Альтер эво - Иванова Анастасия
– Мой клиент ее любил, – просто ответил Андрулаки. – Он многим с ней делился, хотя я, опять-таки, был категорически… Хм, да. Разумеется, он проводил четкую границу. Никаких сведений о бизнесе, никаких комментариев о делах, но в личном, семейном… Вряд ли я ошибусь, предположив, что с внучкой он был откровеннее, чем с женой.
В какой же, наверное, восторг это приводило жену, подумал Марк, и как же, если вдуматься, удивительно, что жертвой единственного убийства в доме стал кто-то не женского пола.
Раскрыв дверь, Марк еще разок обернулся:
– А какое у вас искусство, Сергей?
– Э-э… – Сбитый с толку, Андрулаки потер кончик носа. – Сават.
– Что-что?
– Сават, это такой как бы… французский бокс, – пояснил поверенный и с какой-то стеснительной гордостью прибавил: – И там можно ногами.
– Ну слава богу, – с серьезным видом кивнул Марк. – Ногами – очень хорошо. Успехов вам в нем.

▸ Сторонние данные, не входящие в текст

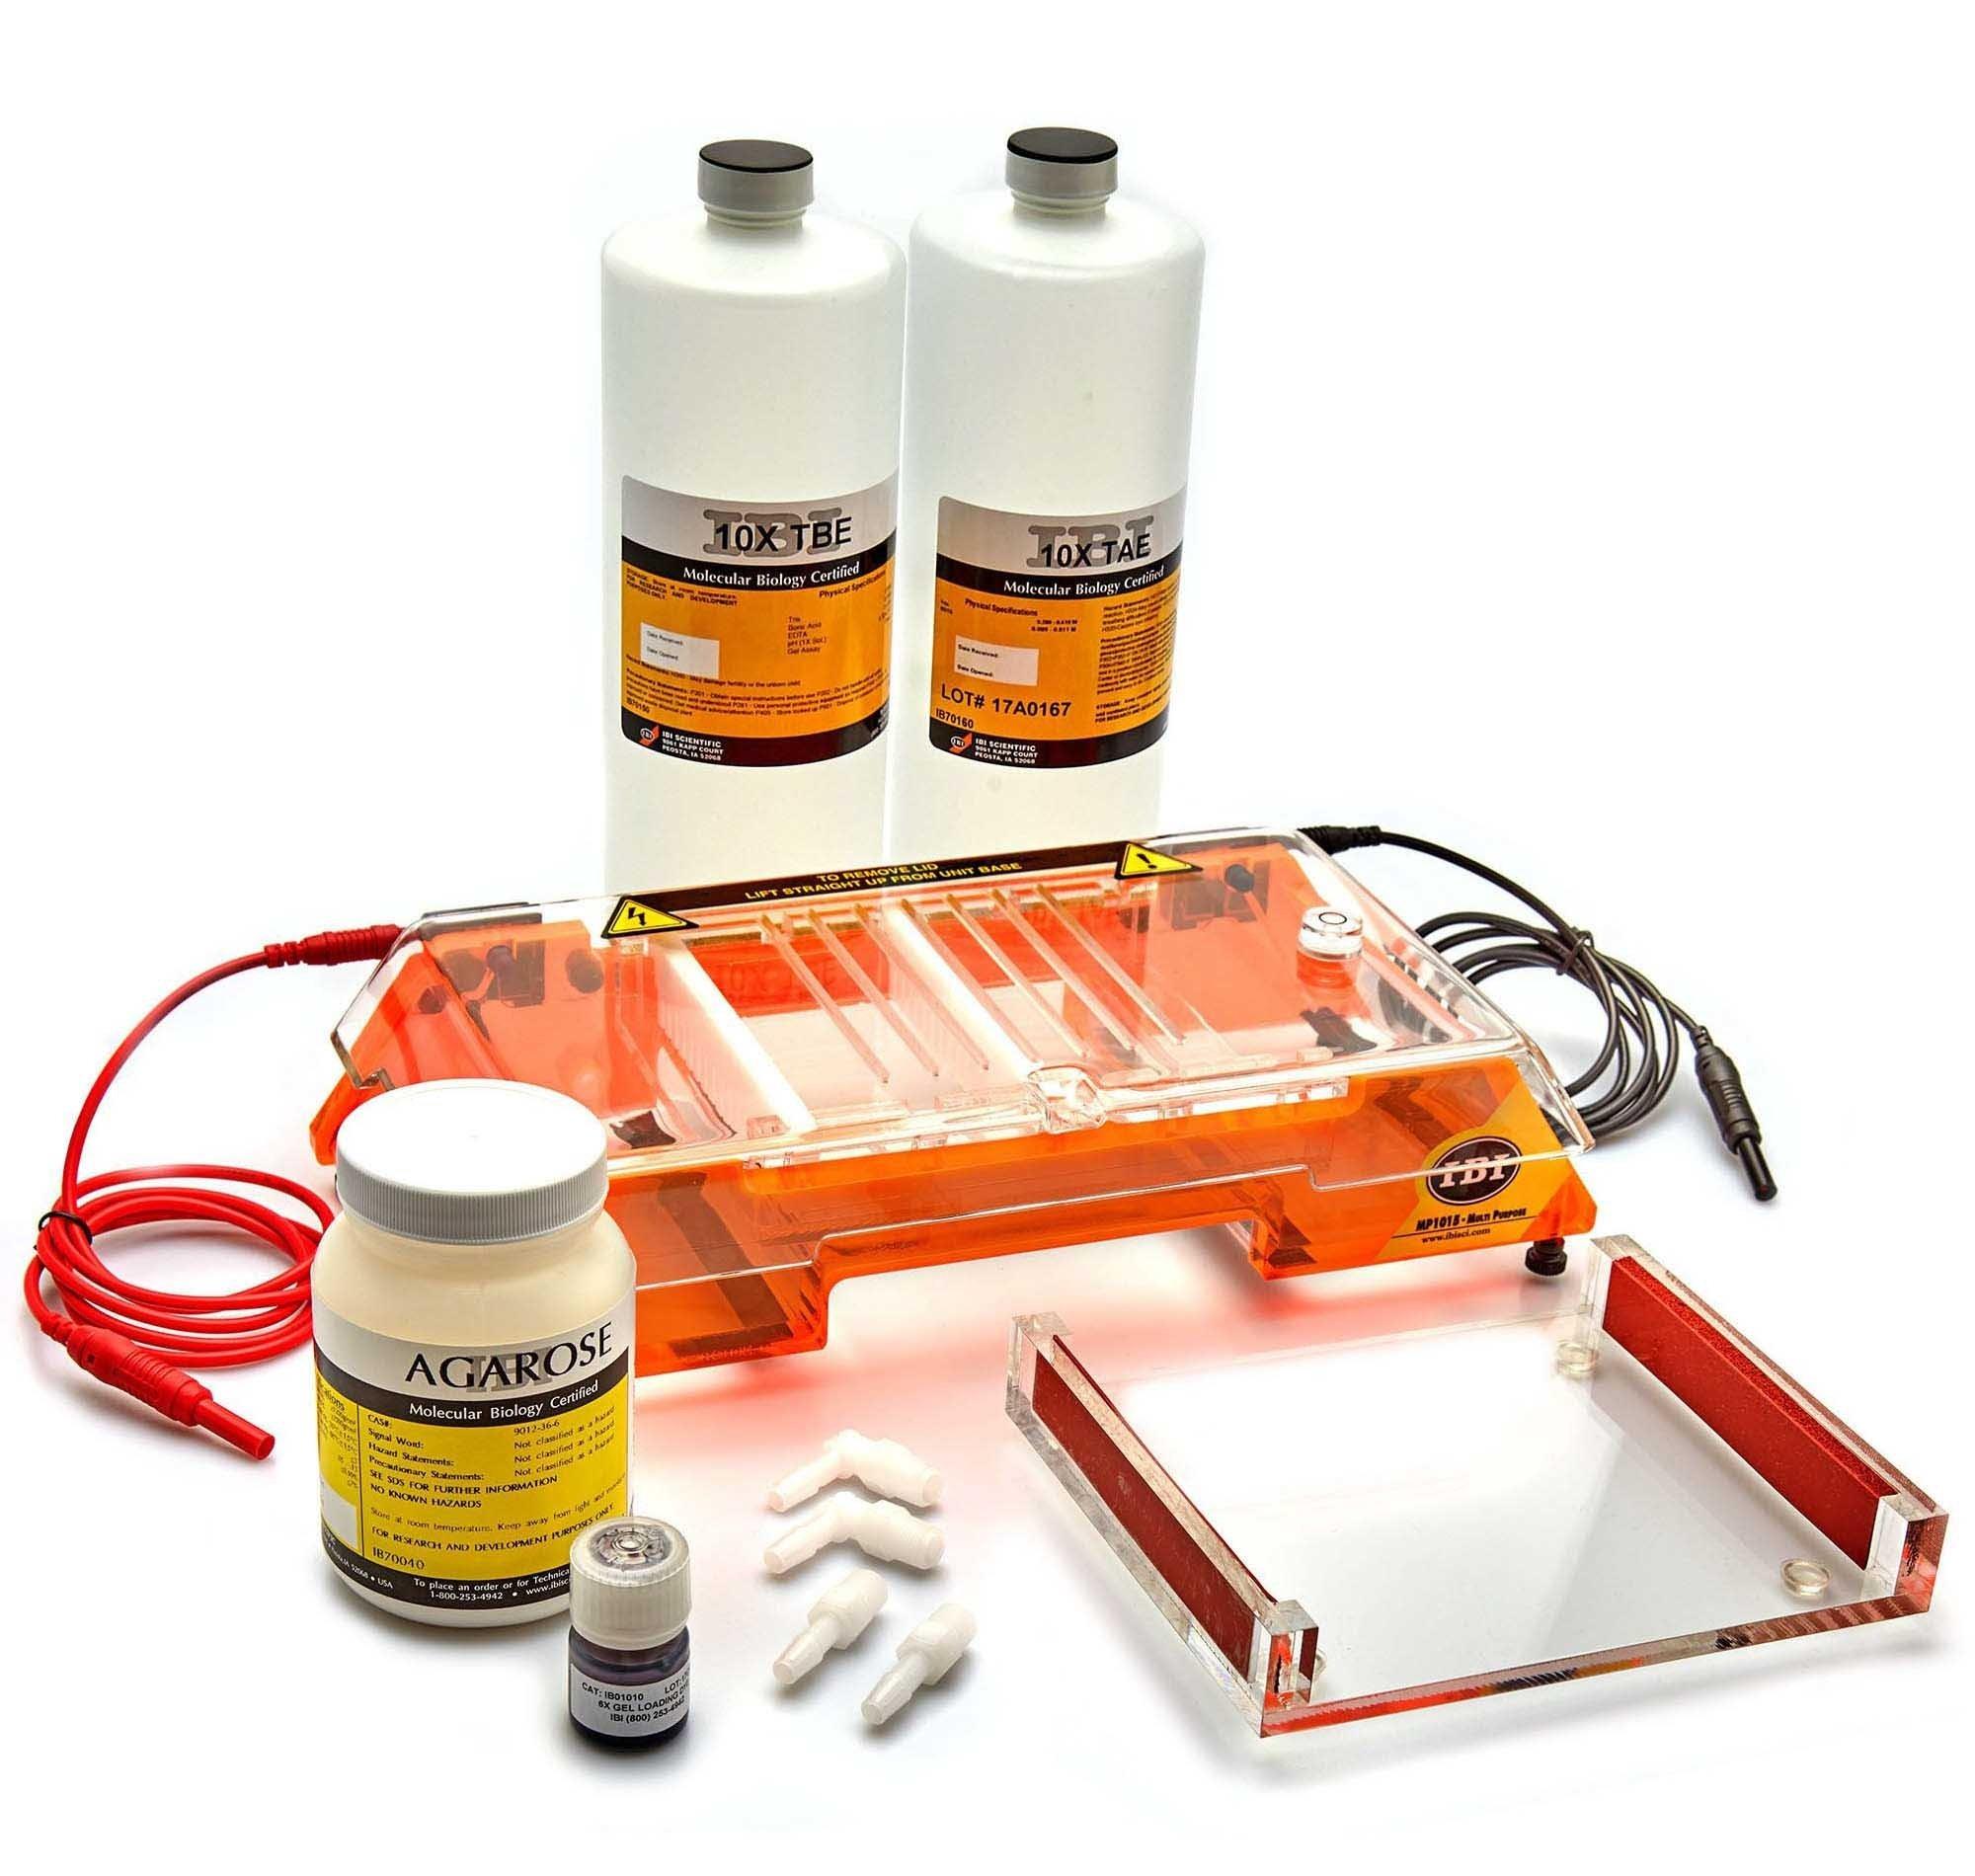 IBI Scientific MP-1015 DNA Lab Start-Up Kit

Лишь выйдя из конторы на свежий воздух, он сообразил, что зацепило его внимание в словах поверенного: всего-то навсего слова «Господи, помилуй». Он и сам только что упомянул Господа всуе. И вспомнил, что хотел выяснить у кого-нибудь, как обстояло у Старкова с религией, но возможность, очевидно, была в очередной раз упущена. В наводящий уныние офис с дерганым поверенным Марк больше не вернется, однозначно.
Тем более теперь у него появилась для жарки рыбка покрупнее.
Майя всю жизнь очень плохо видит в темноте. Она крадется по крыше, буквально дыша в спину Давиду, чтобы не ступить куда не надо.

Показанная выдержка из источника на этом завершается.